◆ Exercise goal ◆
Leave the pictures out, and transcribe the material below exactly from the line with "When I miss" to the line with "Need treatment nearby", both lines included.

◆ Given entries ◆
################

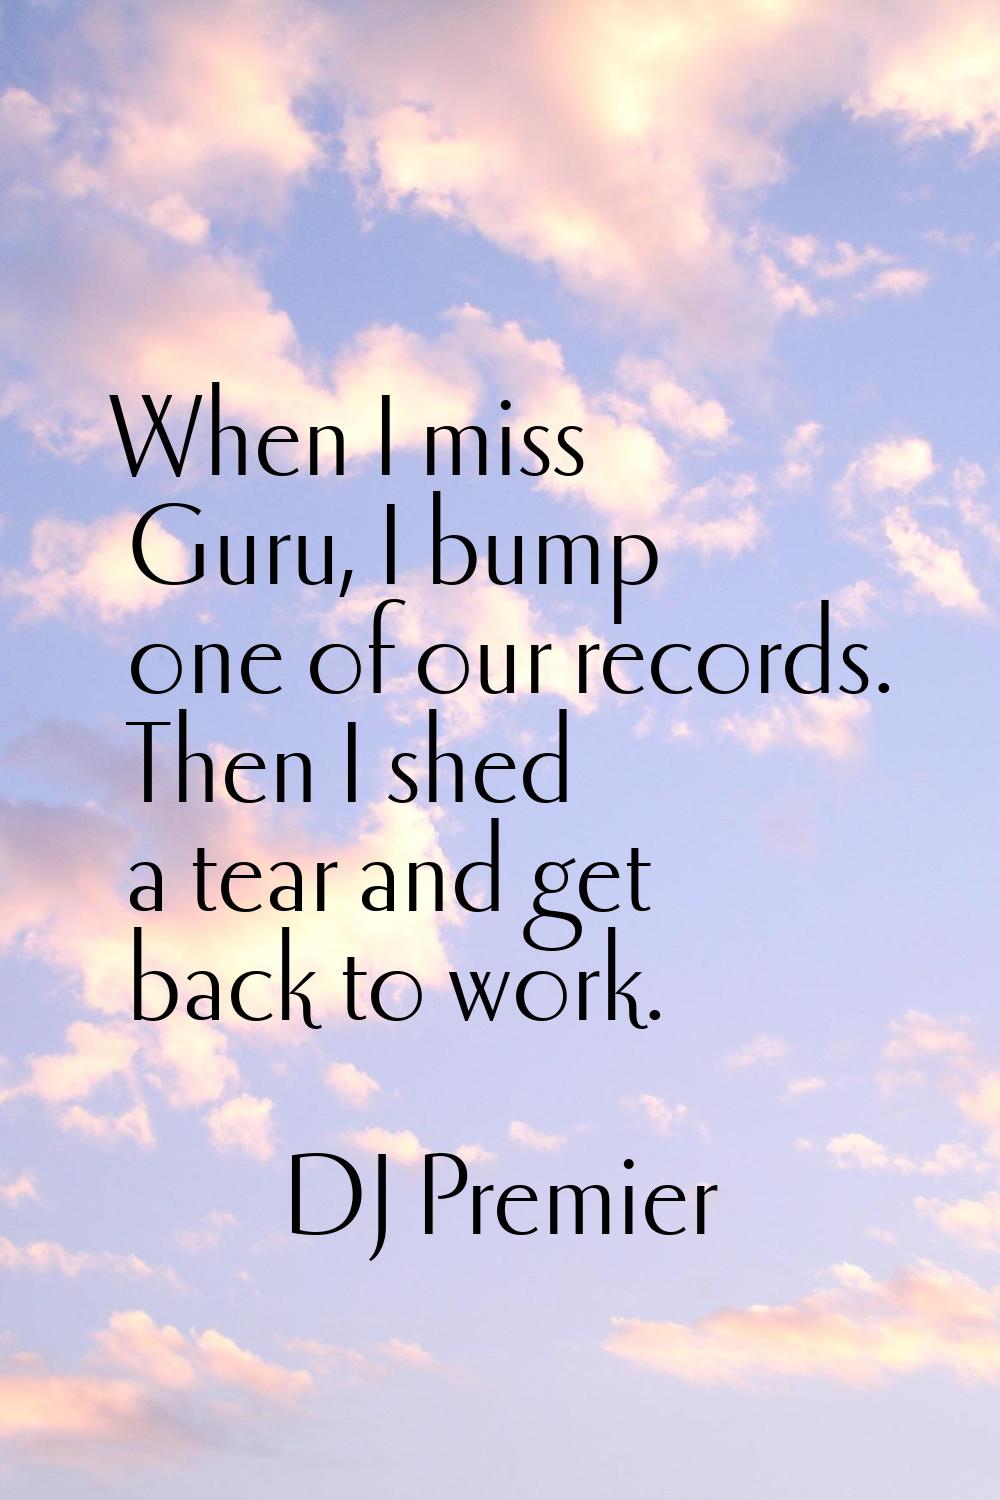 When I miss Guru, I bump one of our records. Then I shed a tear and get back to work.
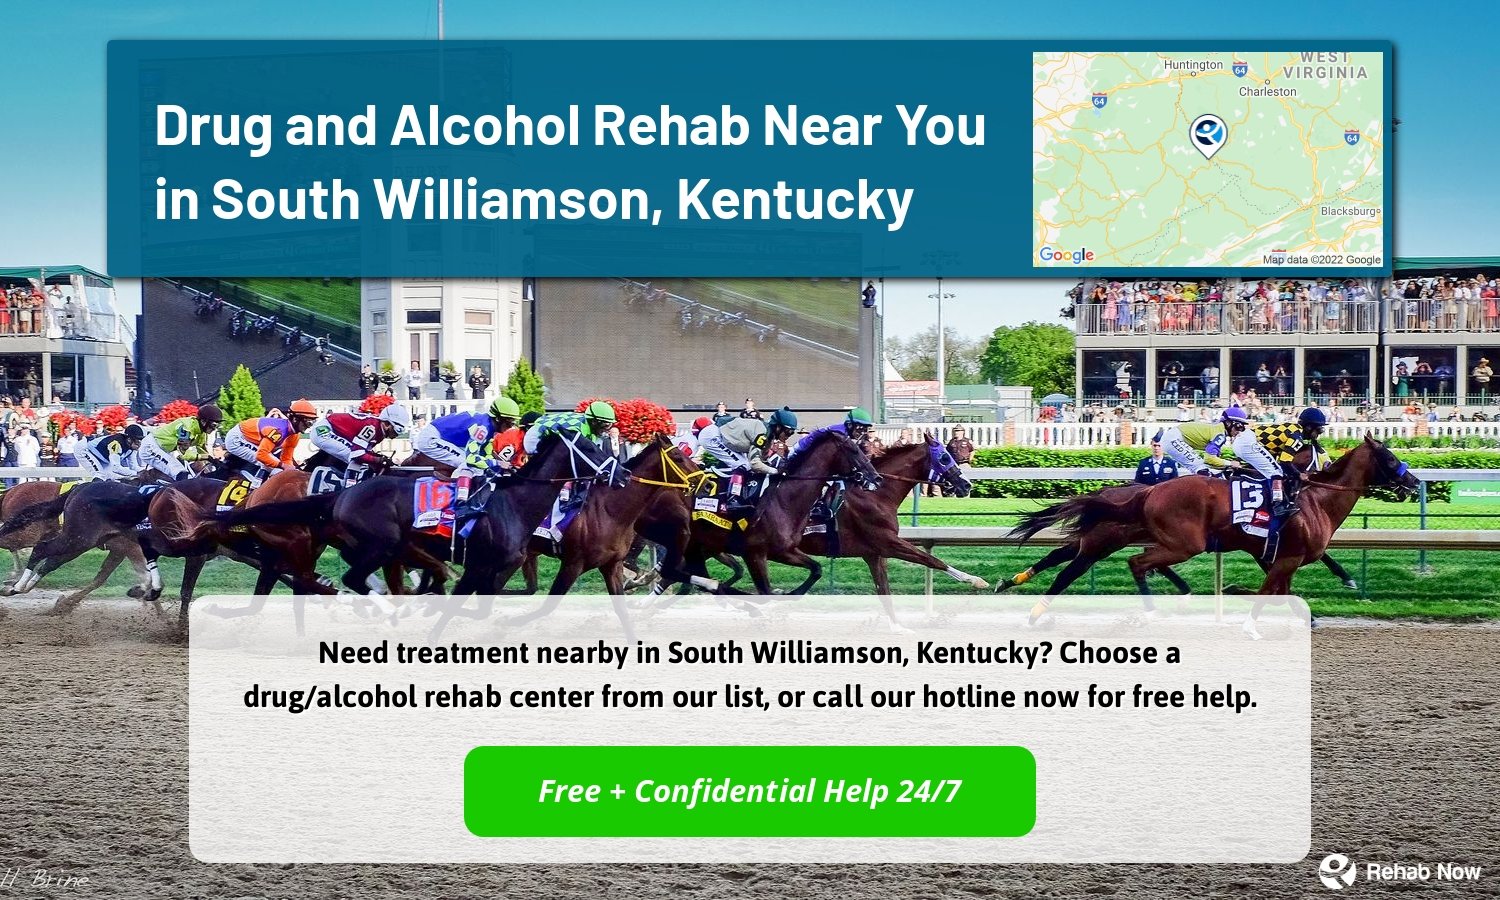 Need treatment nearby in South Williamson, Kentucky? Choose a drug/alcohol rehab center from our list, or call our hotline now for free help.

################

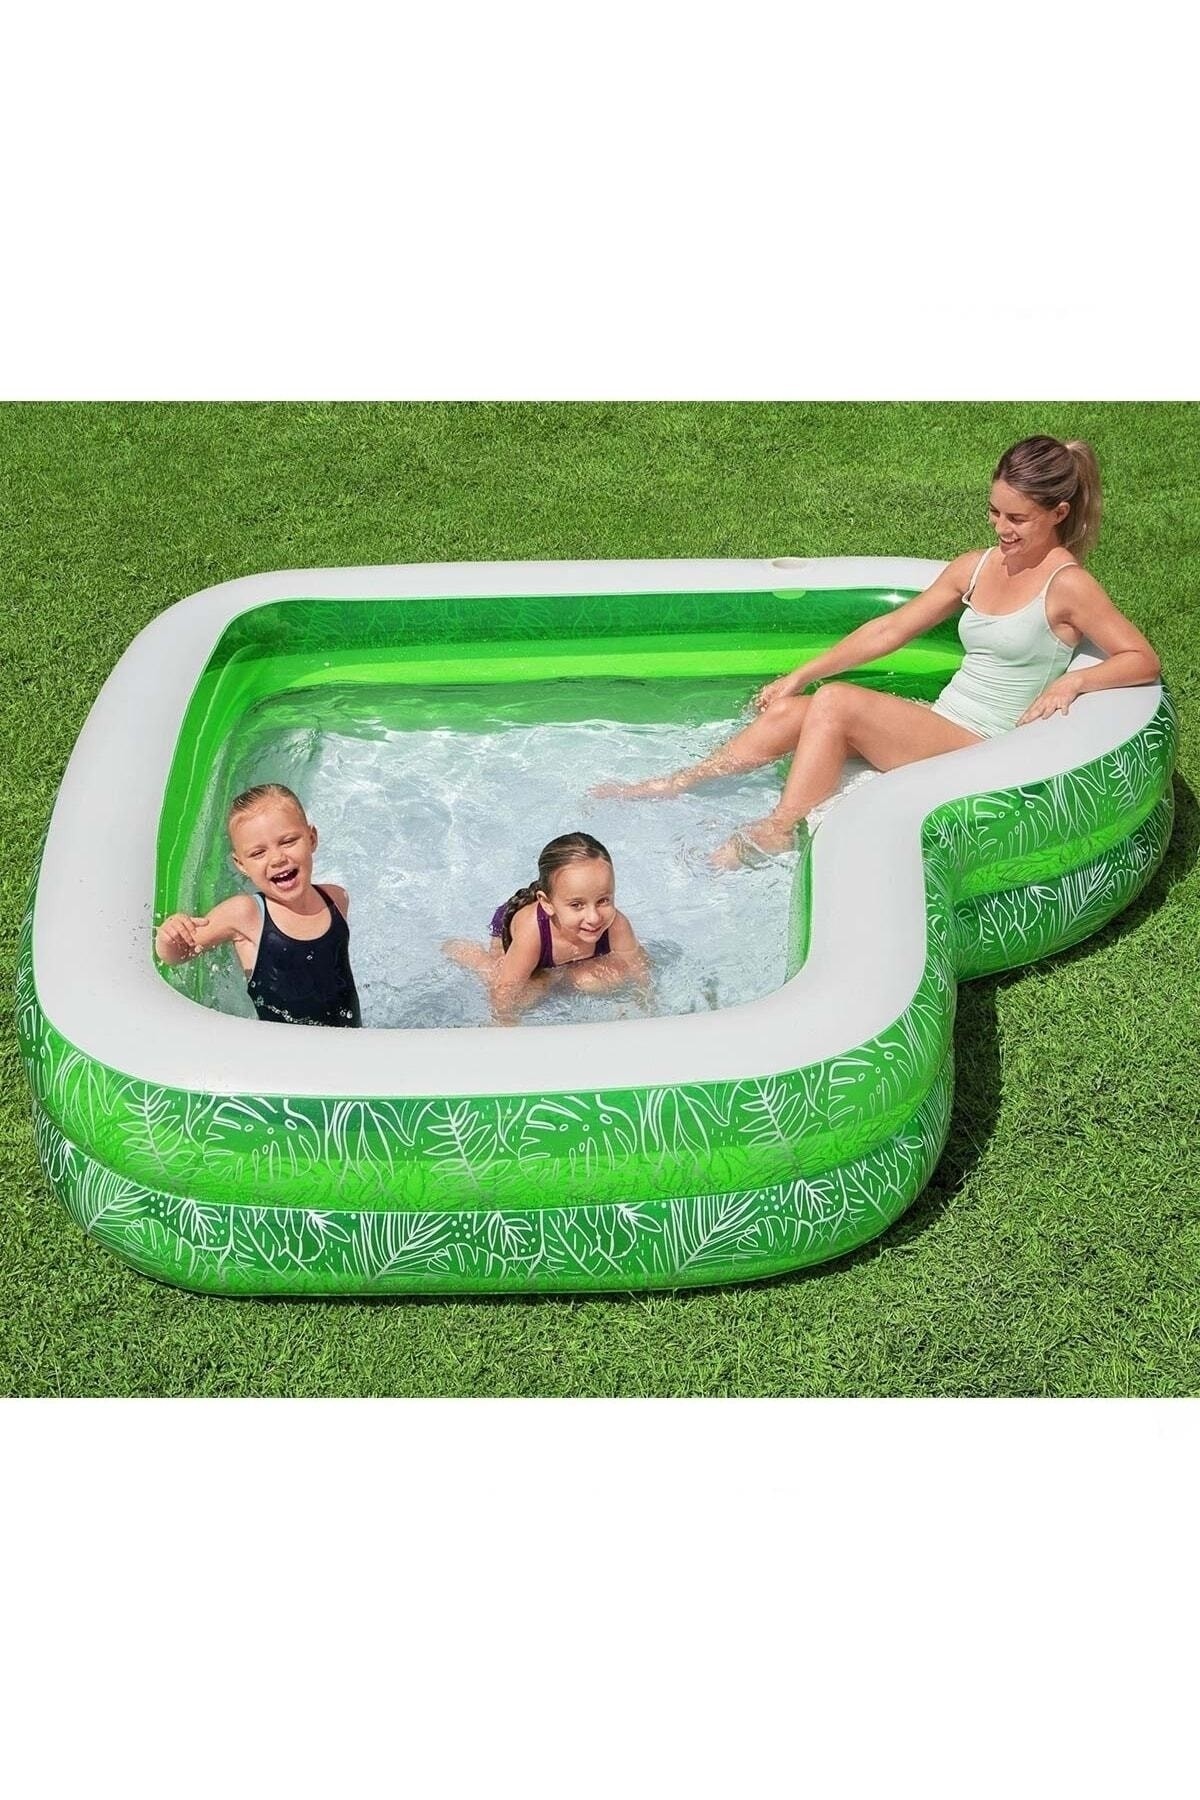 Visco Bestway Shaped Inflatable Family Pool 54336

################

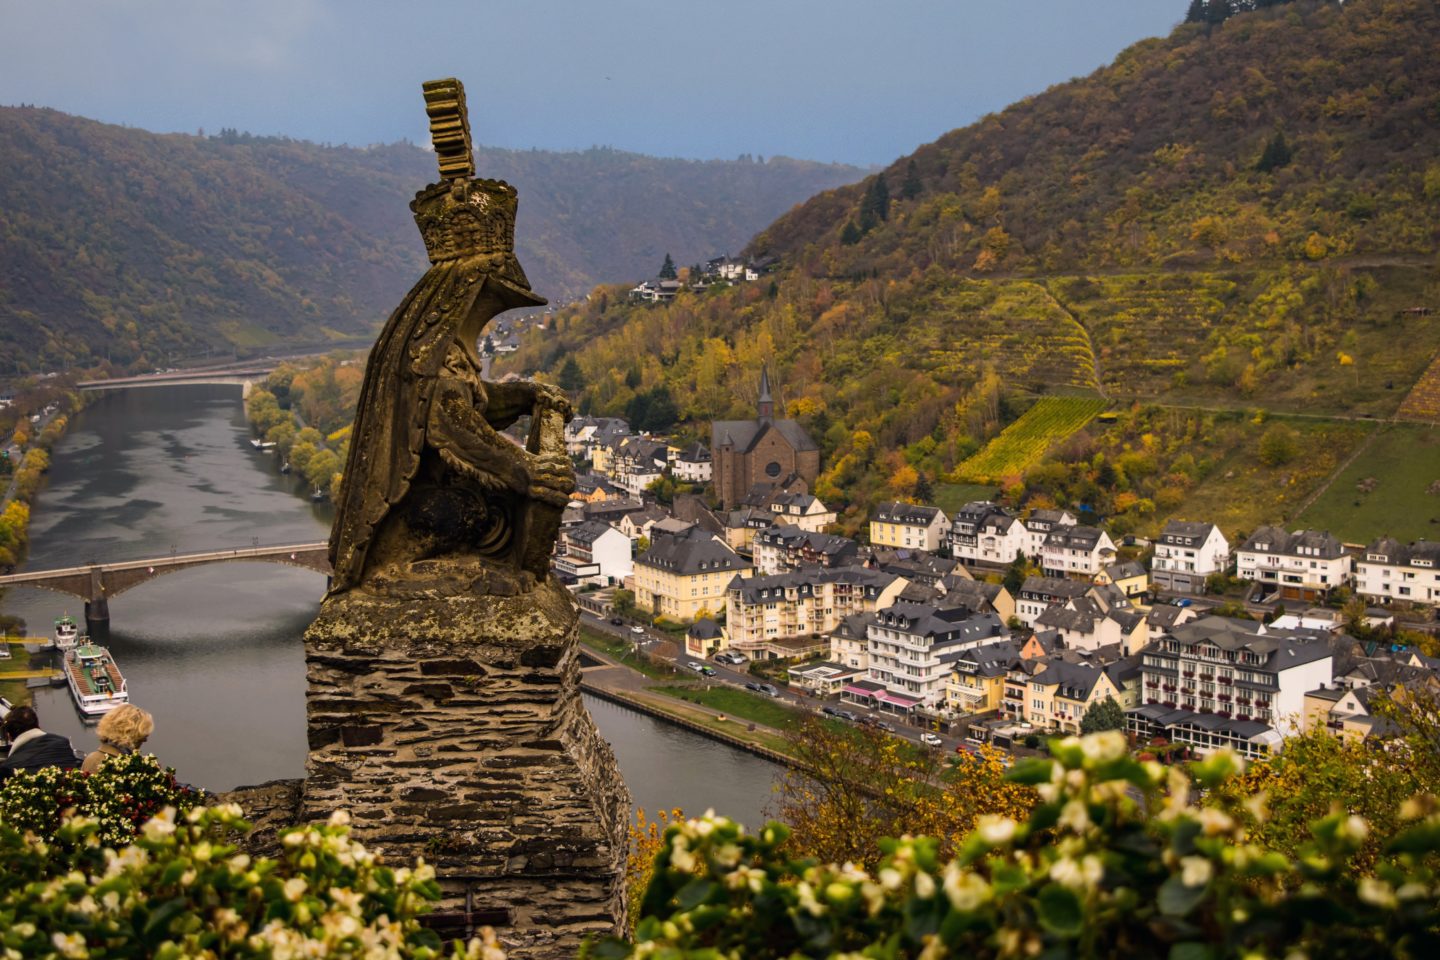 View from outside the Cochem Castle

################

◆ Answer for this exercise ◆
 When I miss Guru, I bump one of our records. Then I shed a tear and get back to work.
 Need treatment nearby in South Williamson, Kentucky? Choose a drug/alcohol rehab center from our list, or call our hotline now for free help.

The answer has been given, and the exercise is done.